So as befits Marxian analysis, we will start at the bottom and move our way to the top. And we shall begin with the marriage of the instruments of labor and the subjects of labor. The instruments of labor are just what you think they might be: the tools of labor in the ordinary sense. Hammers, lathes, needles, just the ordinary tools that one might need to produce some product.
And in the larger sense, this also includes infrastructure and factories. But those instruments are used on what? Correct: they are used on the subject of labor, which you would consider the natural resources or raw materials: wood, metals, textiles, the stuff a product is made out of. And if you take the instruments of labor, and you use them on the subjects of labor, you can make a thing. You can produce a product. Then if you take those two concepts, the instruments of labor, plus the subjects of labor and put them in a box together, you would label that box the means of production. And spoiler alert, who owns the means of production is a very, very, very important question to answer
But, okay, the means of production is just a combination of the instruments of labor and the subjects of labor, but it does not include the labor. The means of production are inanimate and are not productive in and of themselves. You need animate energy provided by a human being to produce the product. And when you combine those inanimate means of production with the animate human labor, you get the concept of forces of production or productive forces, or sometimes factors of production. So again, this combined mix of the tools to do the work, the raw materials, the work will be done on, and the workers who will be doing the work are the forces of production. We can now really produce a product. So far, so good.

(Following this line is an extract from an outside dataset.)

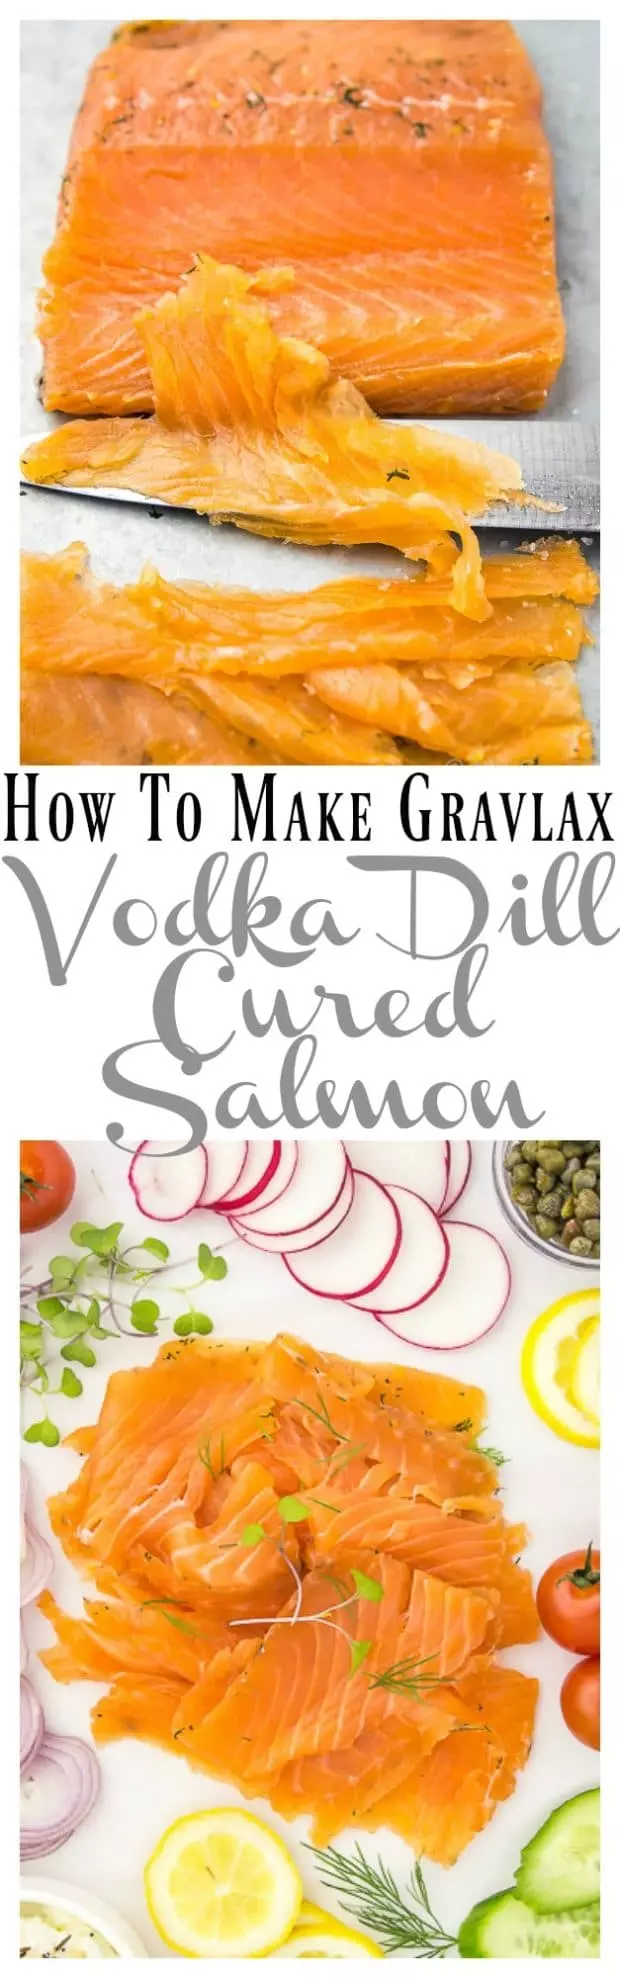 How To Make Gravlax - Vodka Dill Cured Salmon

But this does not get us all the way to the top of the tree of labors and productions. To get to the top, we need to combine those forces of production with something called the relations of production, which can be described, and I’m quoting here as, “the sum total of social relations that people must enter into in order to survive, to produce, and to reproduce the means of their life.”

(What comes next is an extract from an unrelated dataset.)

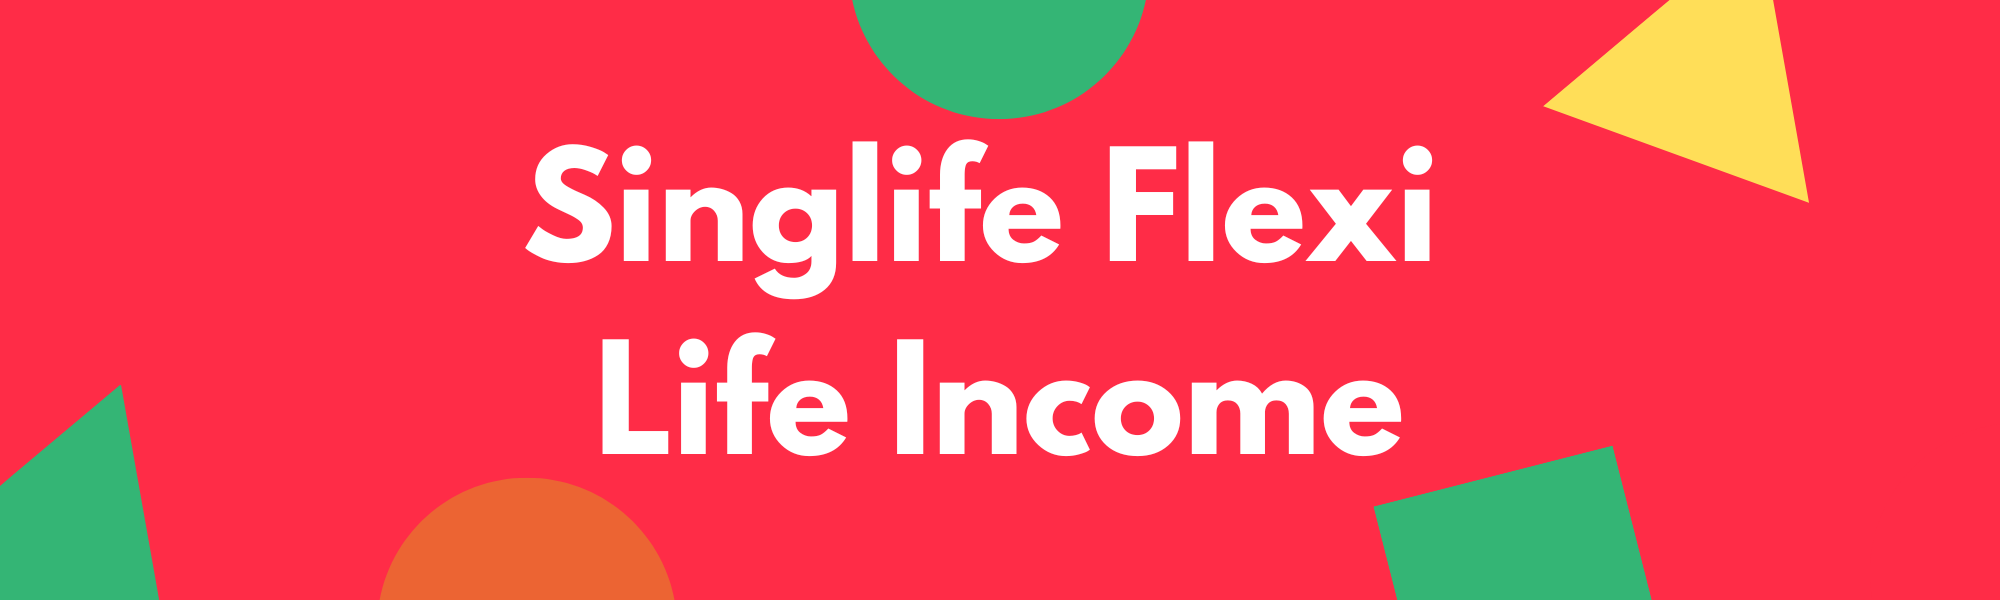 Singlife Flexi Life Income - Best SRS Endowment Plan

Now, the relations of production are very important because they don’t just include things like the division of labor in a factory, or how a corporation’s org chart is drawn up, it includes the totality of the social relations that swirl around the forces of production. Some of these relations are entered into voluntarily, some of them are compelled and involuntary. They involve hierarchical relations, political relations, family relations, social and economic class. Basically all the myriad ways humans come to relate to one another to employ the forces of production to produce the means of their subsistence, and then distribute it to the members of society. Now, Marx and Engels themselves mostly deployed this term in service to their political and economic analysis. Who owned what specifically the means of production, what the law said about who owned what, who controlled who, who was the boss, what were the social classes, where was their cooperation, where was their competition, where was their conflict? Their totality of all these relations of production constituted, a society’s social structure, and it was the part that determined how income and products and assets would be distributed. And according to Marx, this was all ultimately rooted in servicing the forces of production, whatever those happened to be. But to take a step back for one minute, beyond the economic and political implications, the analysis of the relations of production was a fairly profound and novel idea, and it opened up vast exploratory possibilities, and made Marx one of the founders of a whole new field of social science called sociology.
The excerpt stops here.